Exercise details: A verbatim copy of the full data, with no pictures, is the expected answer.

Provided data:

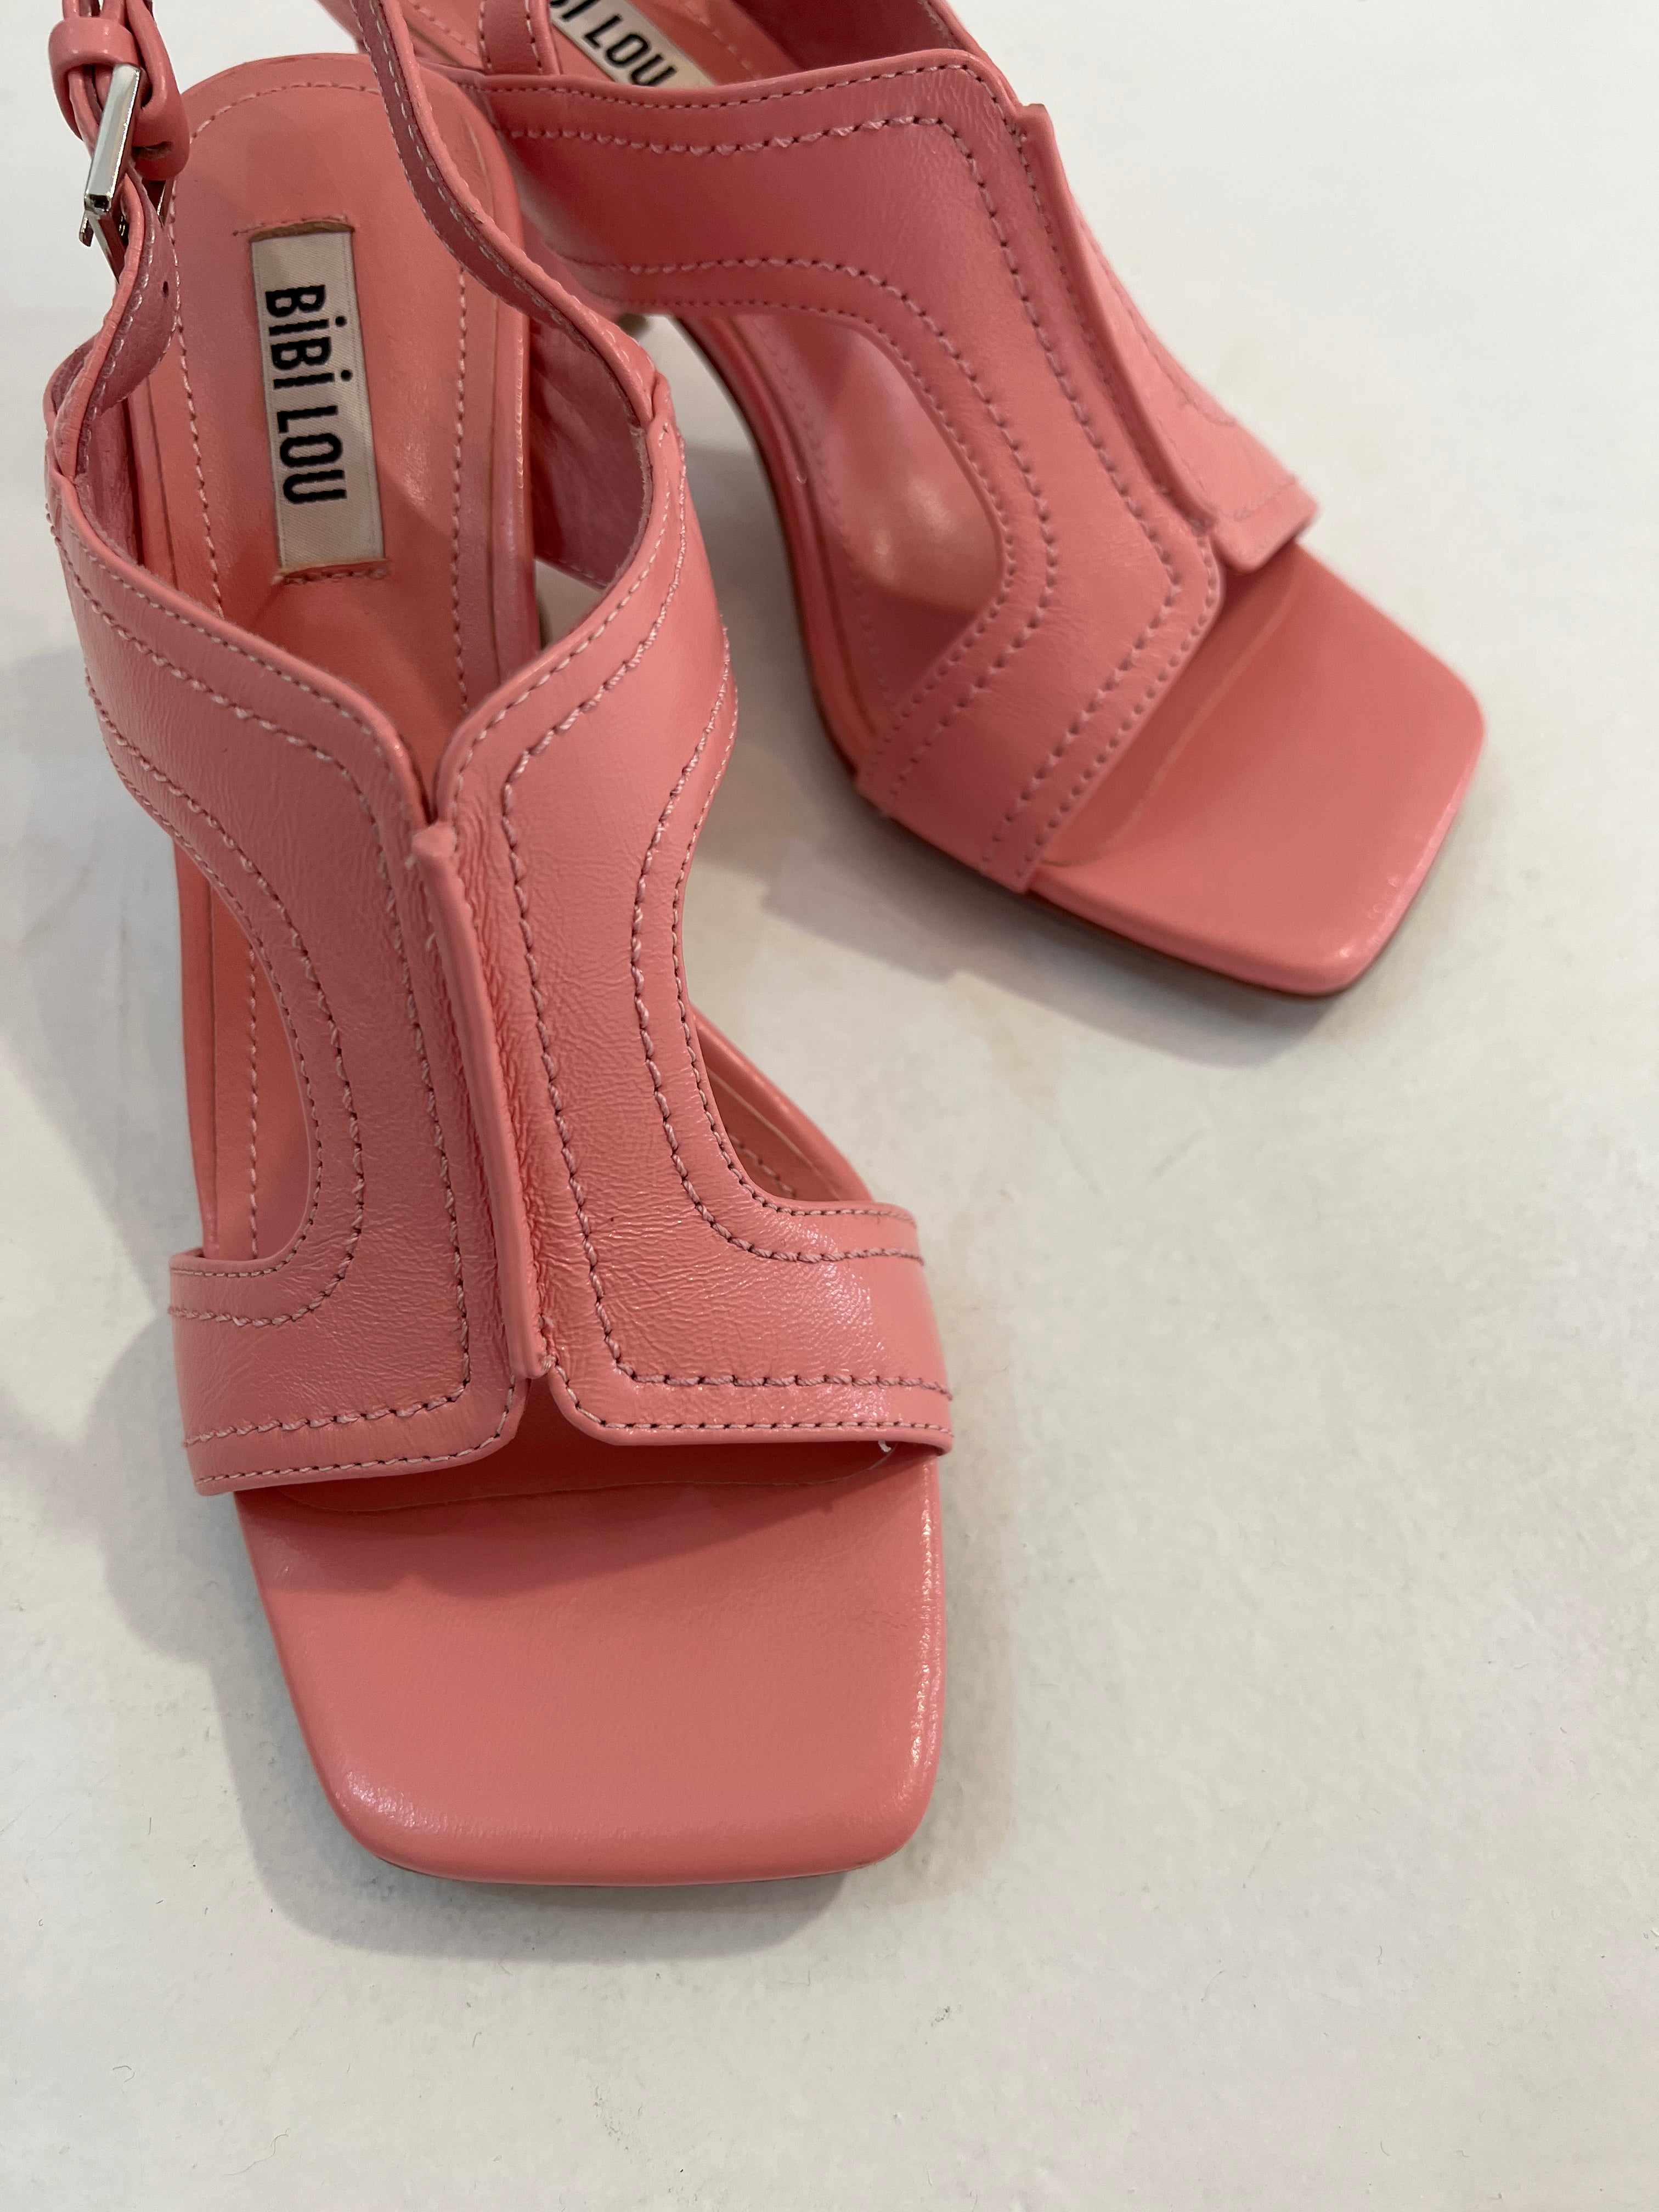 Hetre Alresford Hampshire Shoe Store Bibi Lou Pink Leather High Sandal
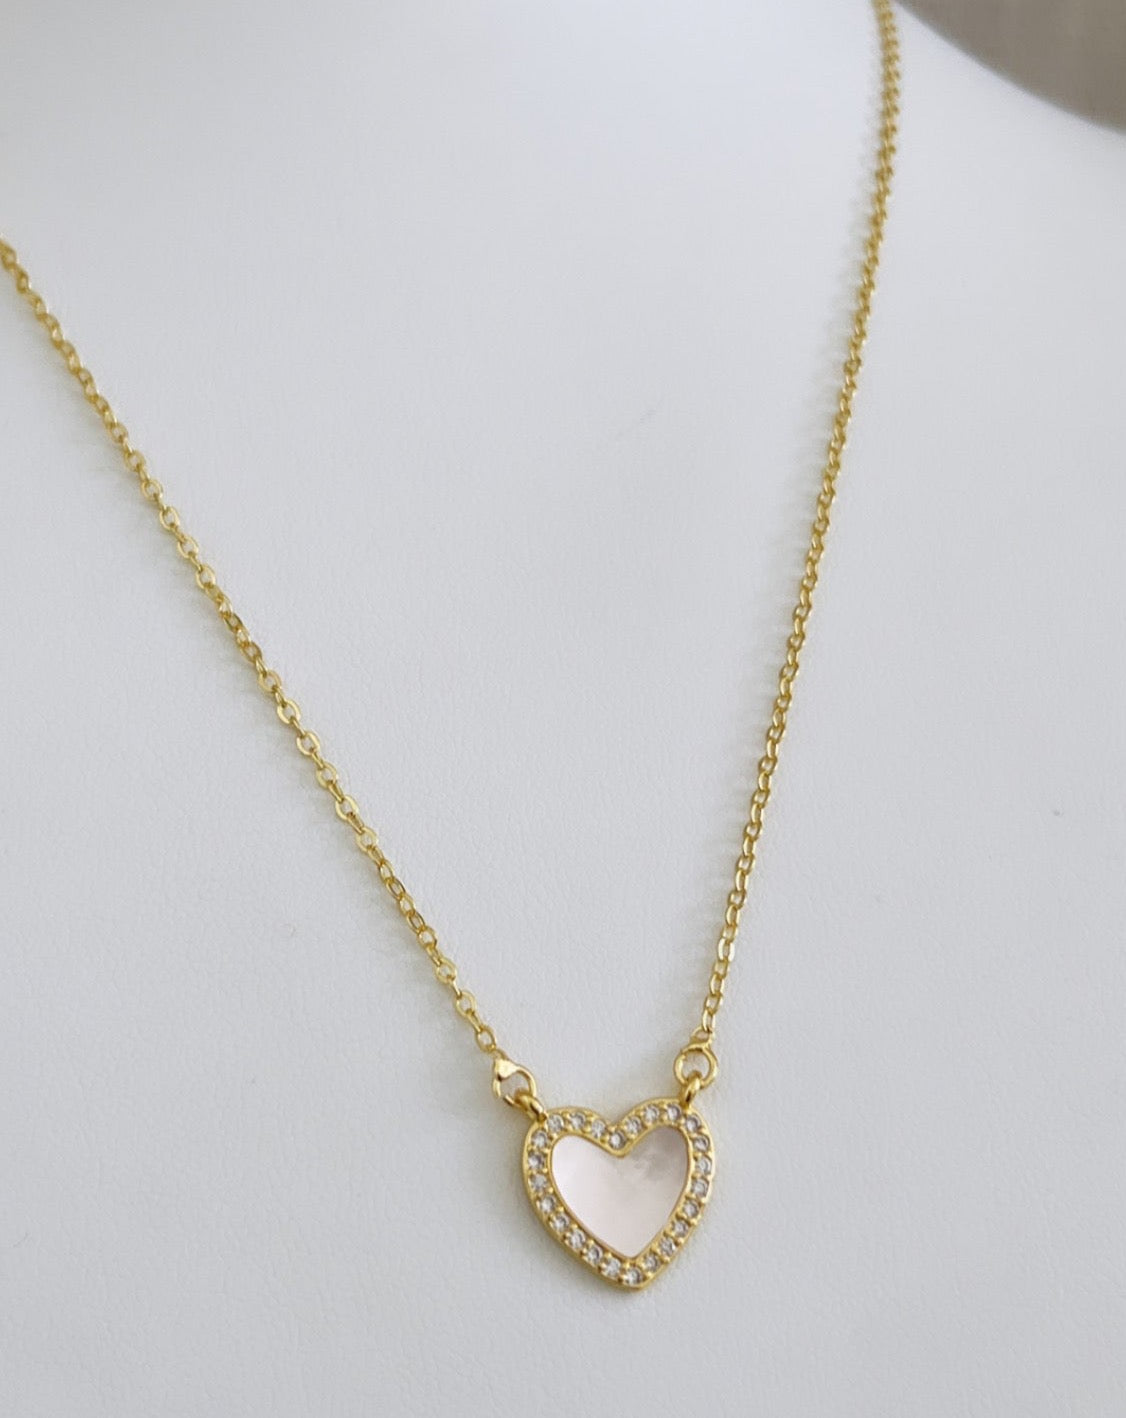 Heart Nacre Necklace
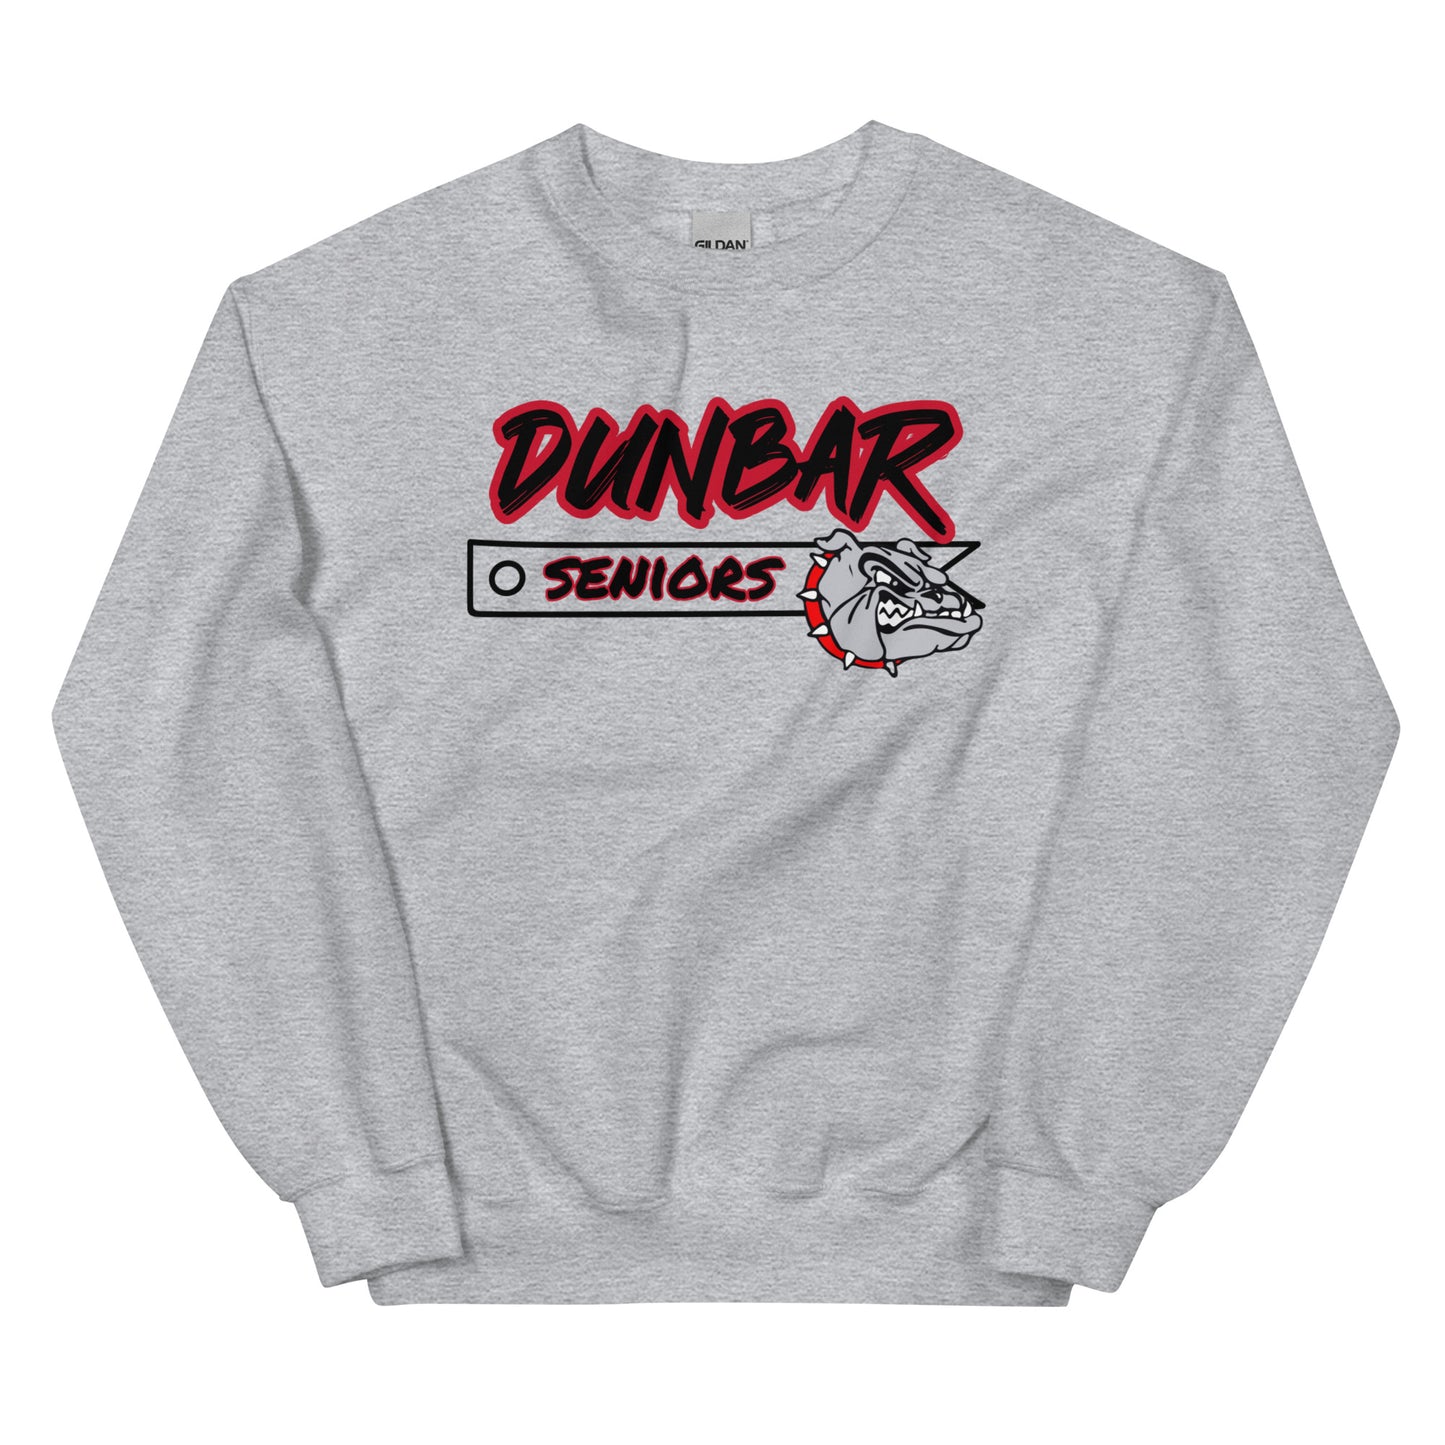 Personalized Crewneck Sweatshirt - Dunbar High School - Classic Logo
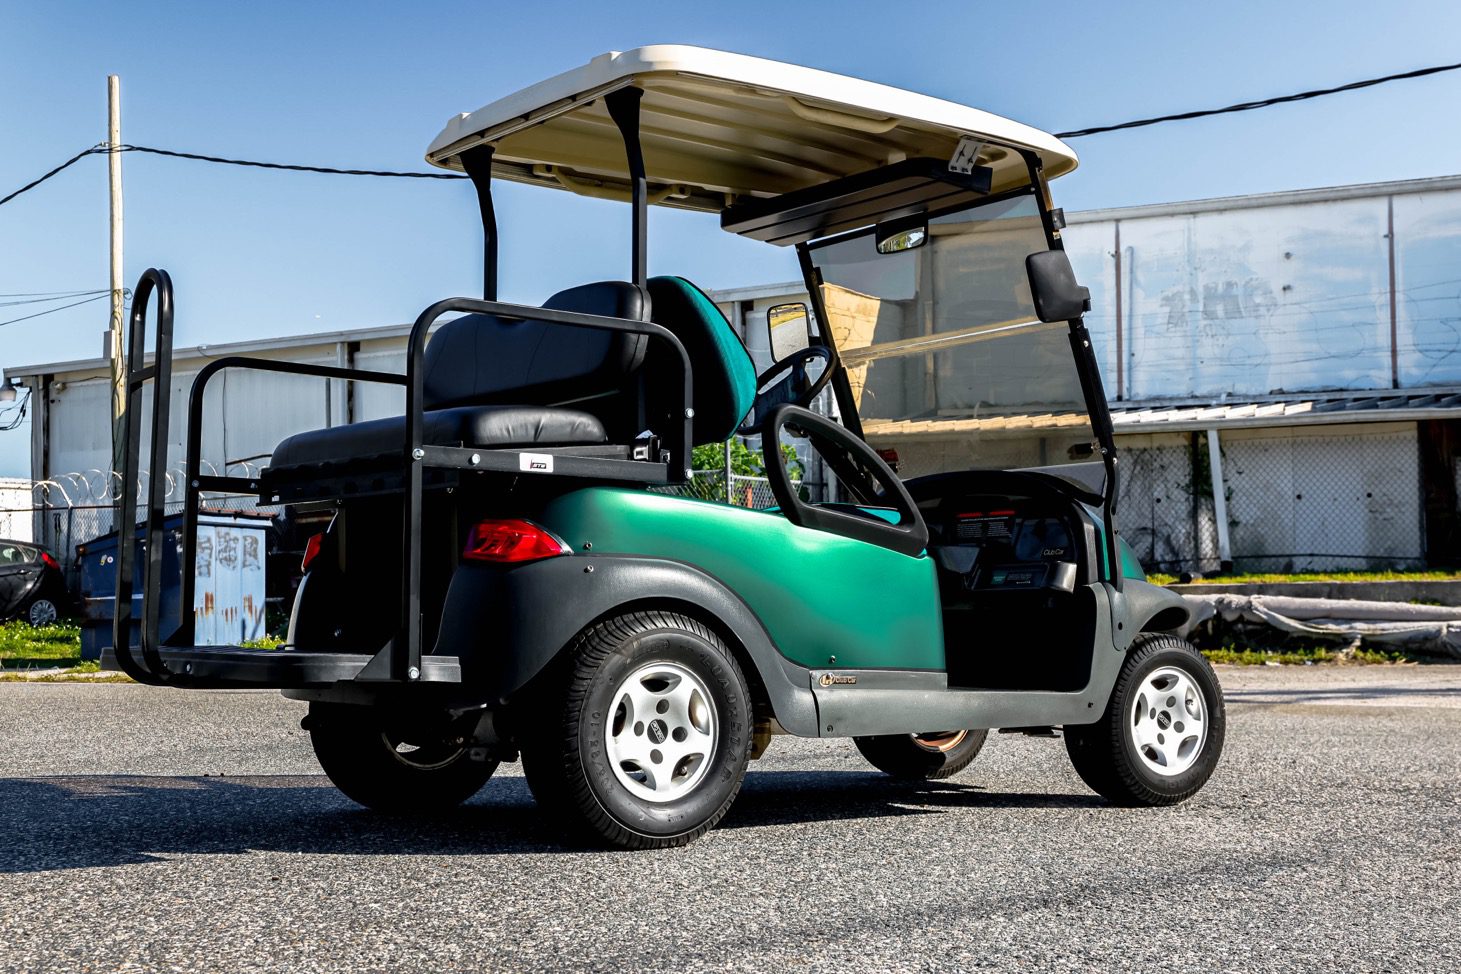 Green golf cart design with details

Finished task:
 Hetre Alresford Hampshire Shoe Store Bibi Lou Pink Leather High Sandal
 Heart Nacre Necklace
 Personalized Crewneck Sweatshirt - Dunbar High School - Classic Logo
 Green golf cart design with details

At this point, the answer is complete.